#### WHAT YOU WILL DO
Please repeat only the lines below starting at the line that holds "Top Dog Film Festival 2024 3 Aug NSW" and ending at the line that holds "men fishing with", exactly, with both of those lines included and every picture omitted.

Start of DATASET RECORDS

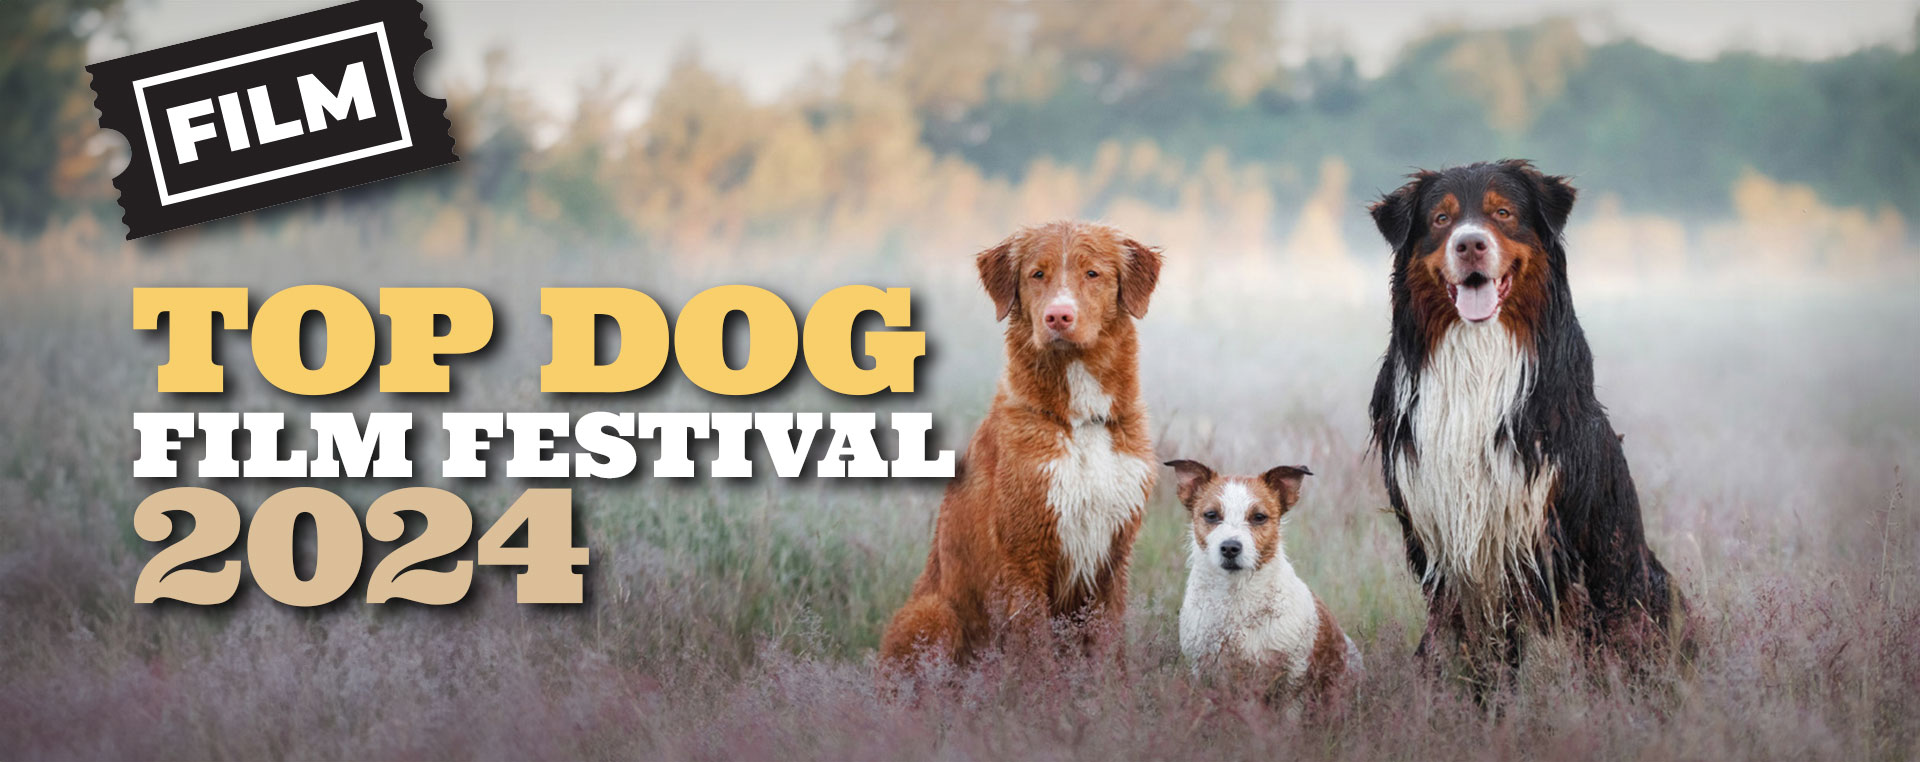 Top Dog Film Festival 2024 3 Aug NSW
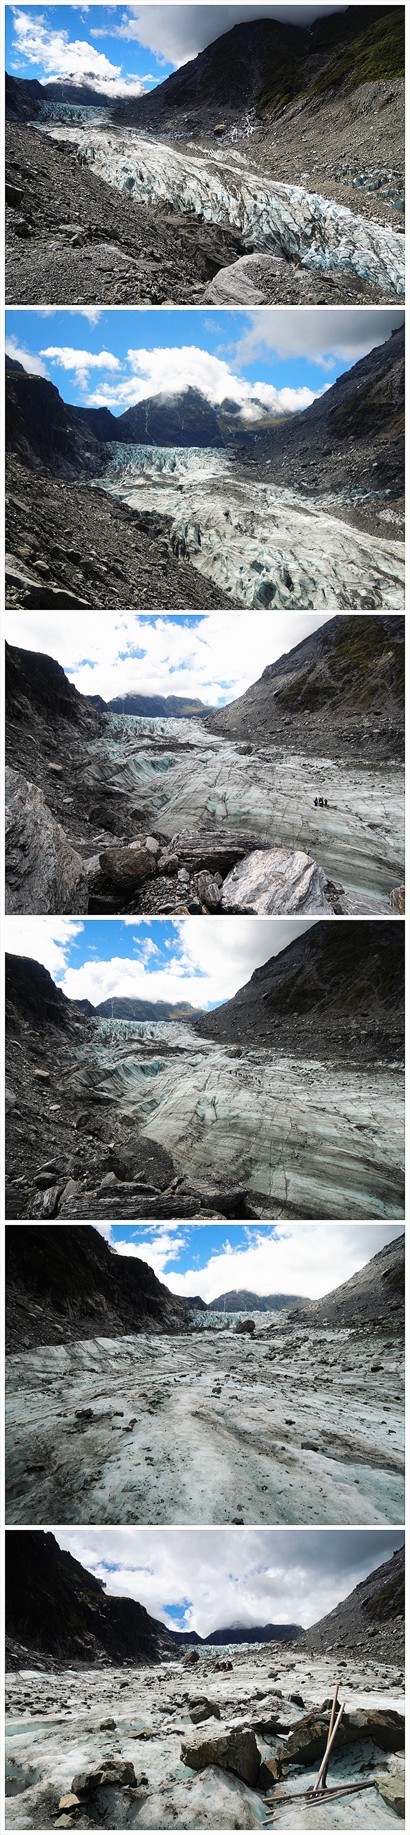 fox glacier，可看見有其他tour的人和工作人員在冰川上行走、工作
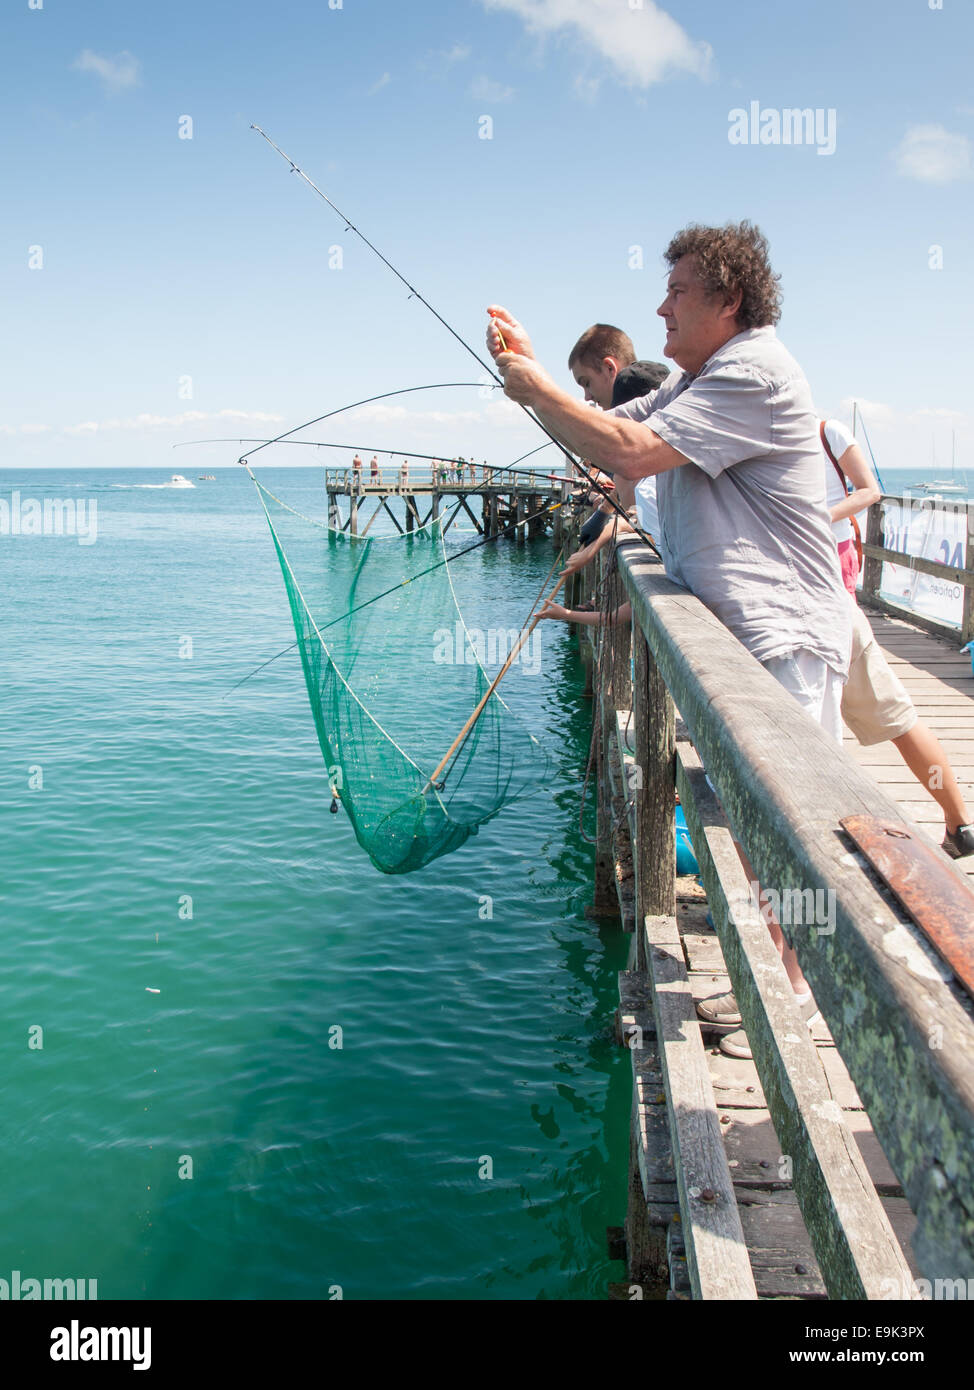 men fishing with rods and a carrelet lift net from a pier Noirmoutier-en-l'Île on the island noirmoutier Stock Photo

End of DATASET RECORDS
Start of DATASET RECORDS

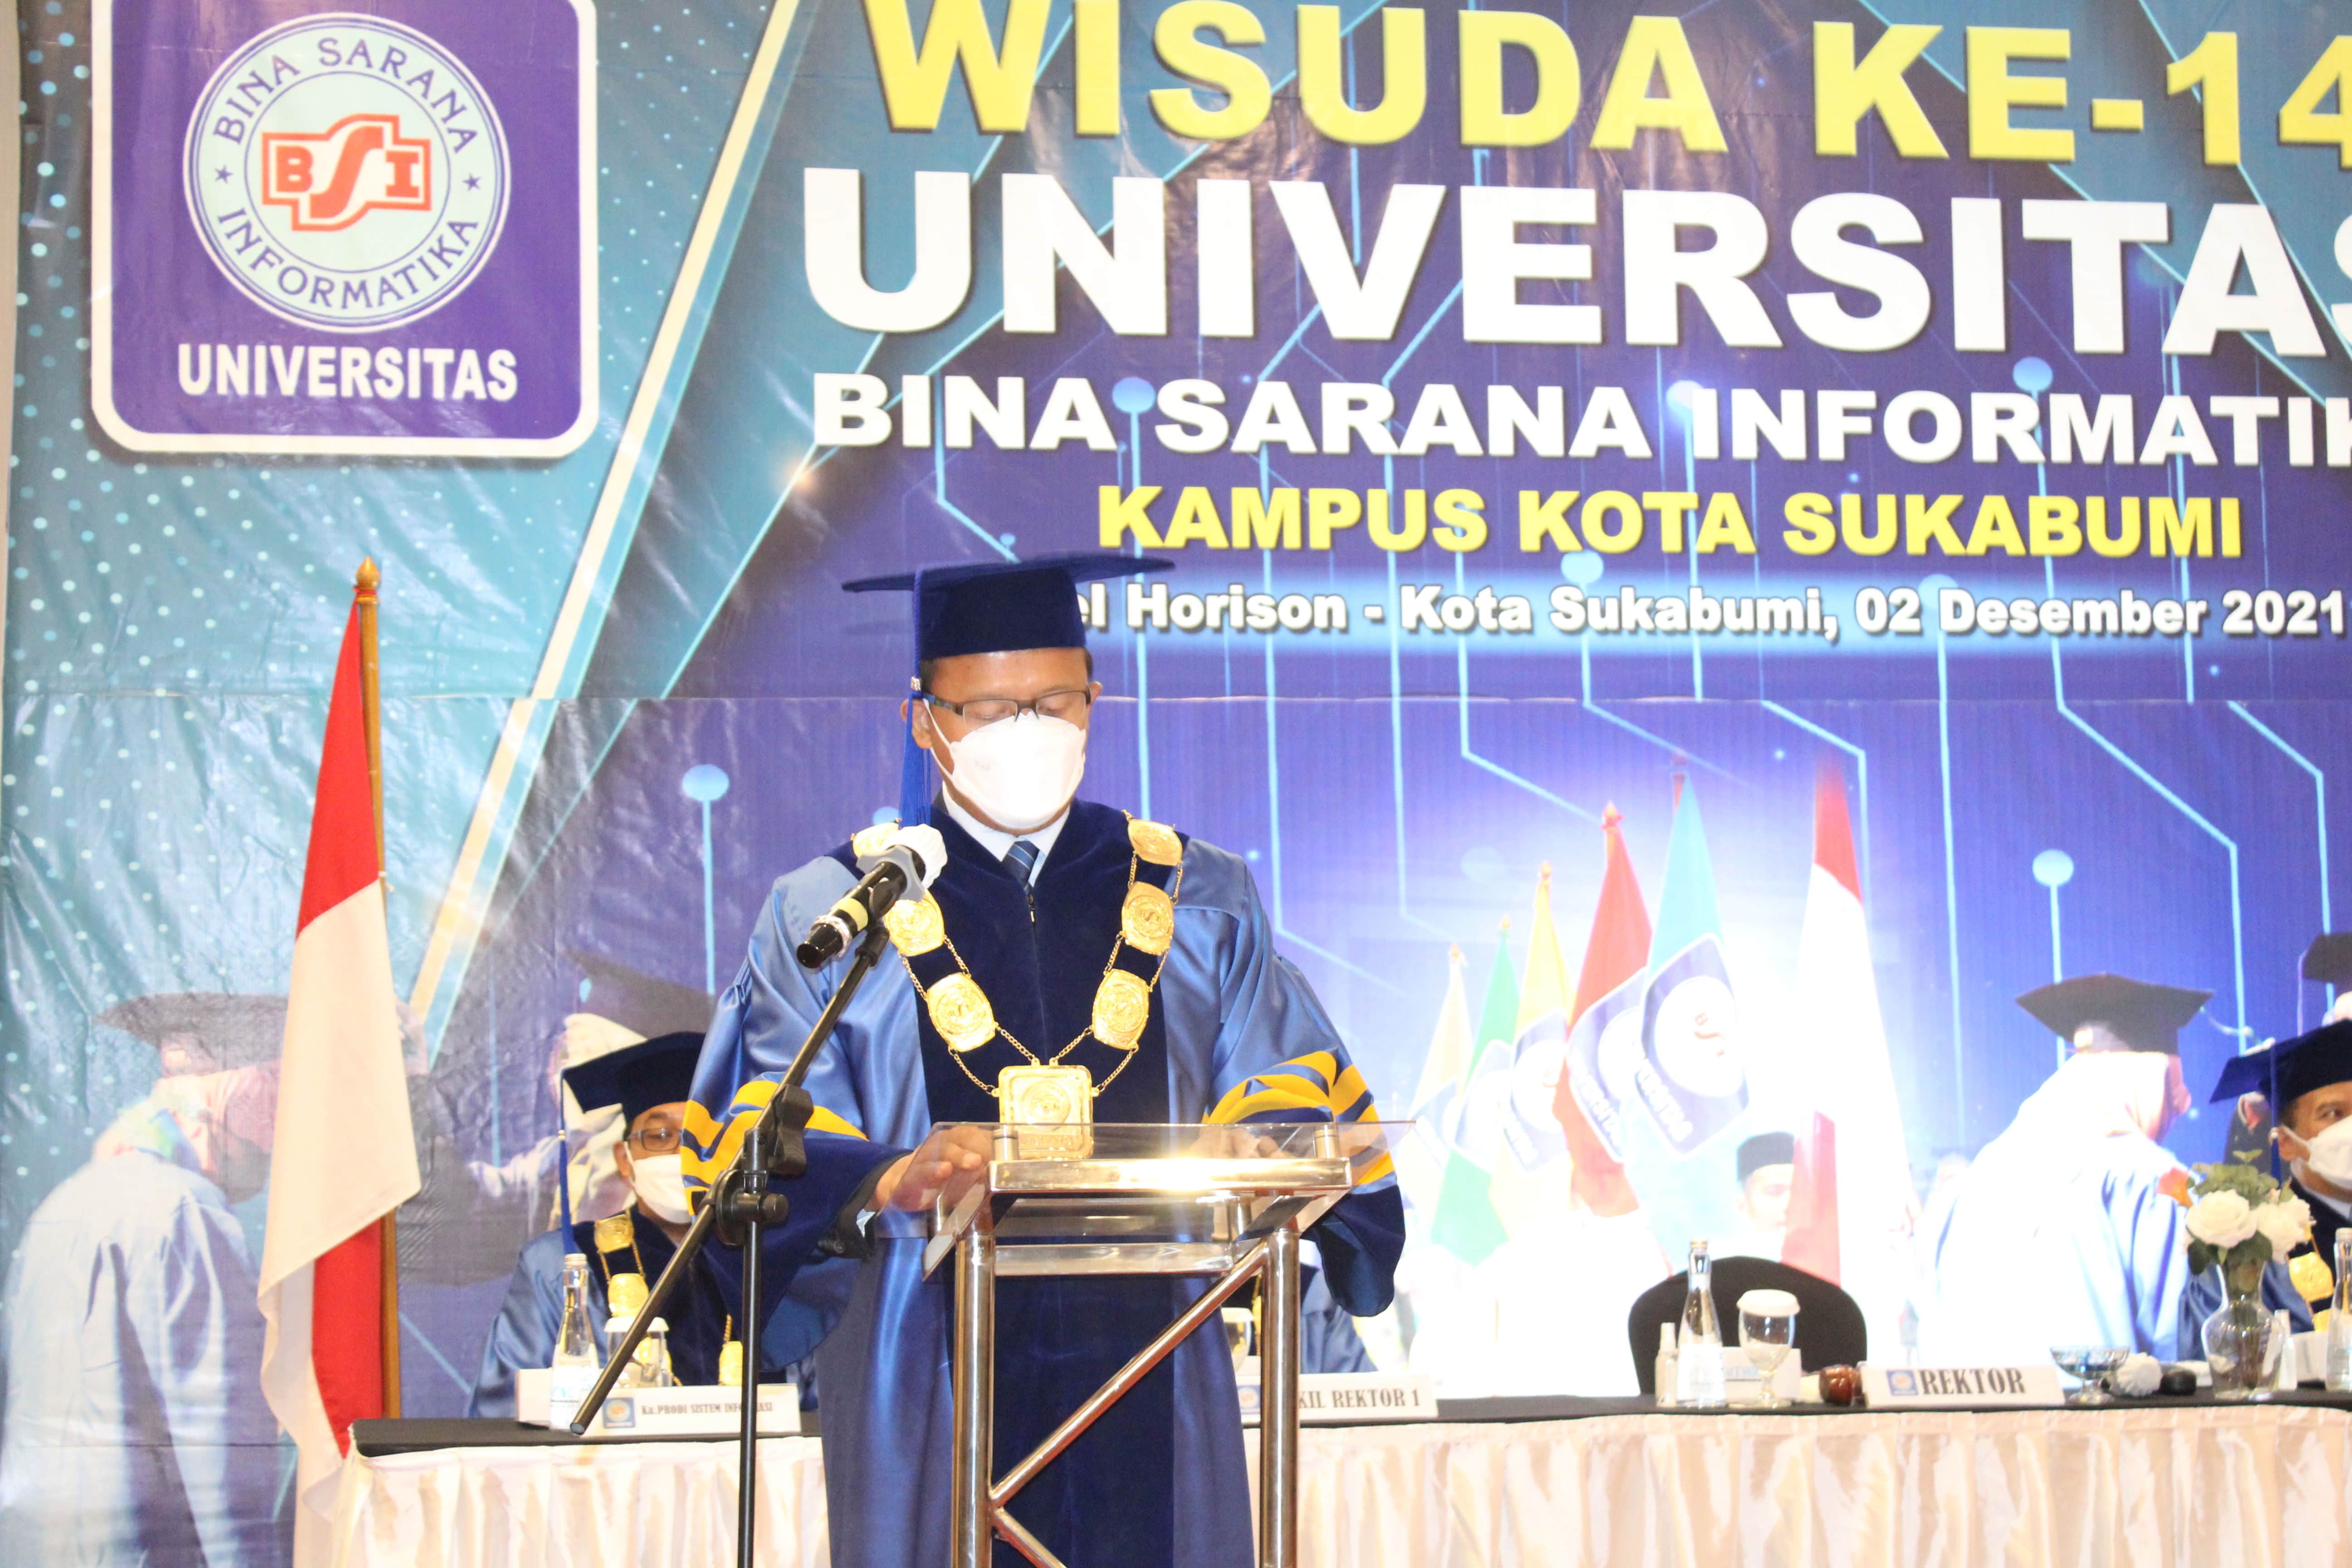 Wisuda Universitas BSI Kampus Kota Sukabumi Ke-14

End of DATASET RECORDS

#### REPLY TO THE TASK
 Top Dog Film Festival 2024 3 Aug NSW
 fox glacier，可看見有其他tour的人和工作人員在冰川上行走、工作
 men fishing with rods and a carrelet lift net from a pier Noirmoutier-en-l'Île on the island noirmoutier Stock Photo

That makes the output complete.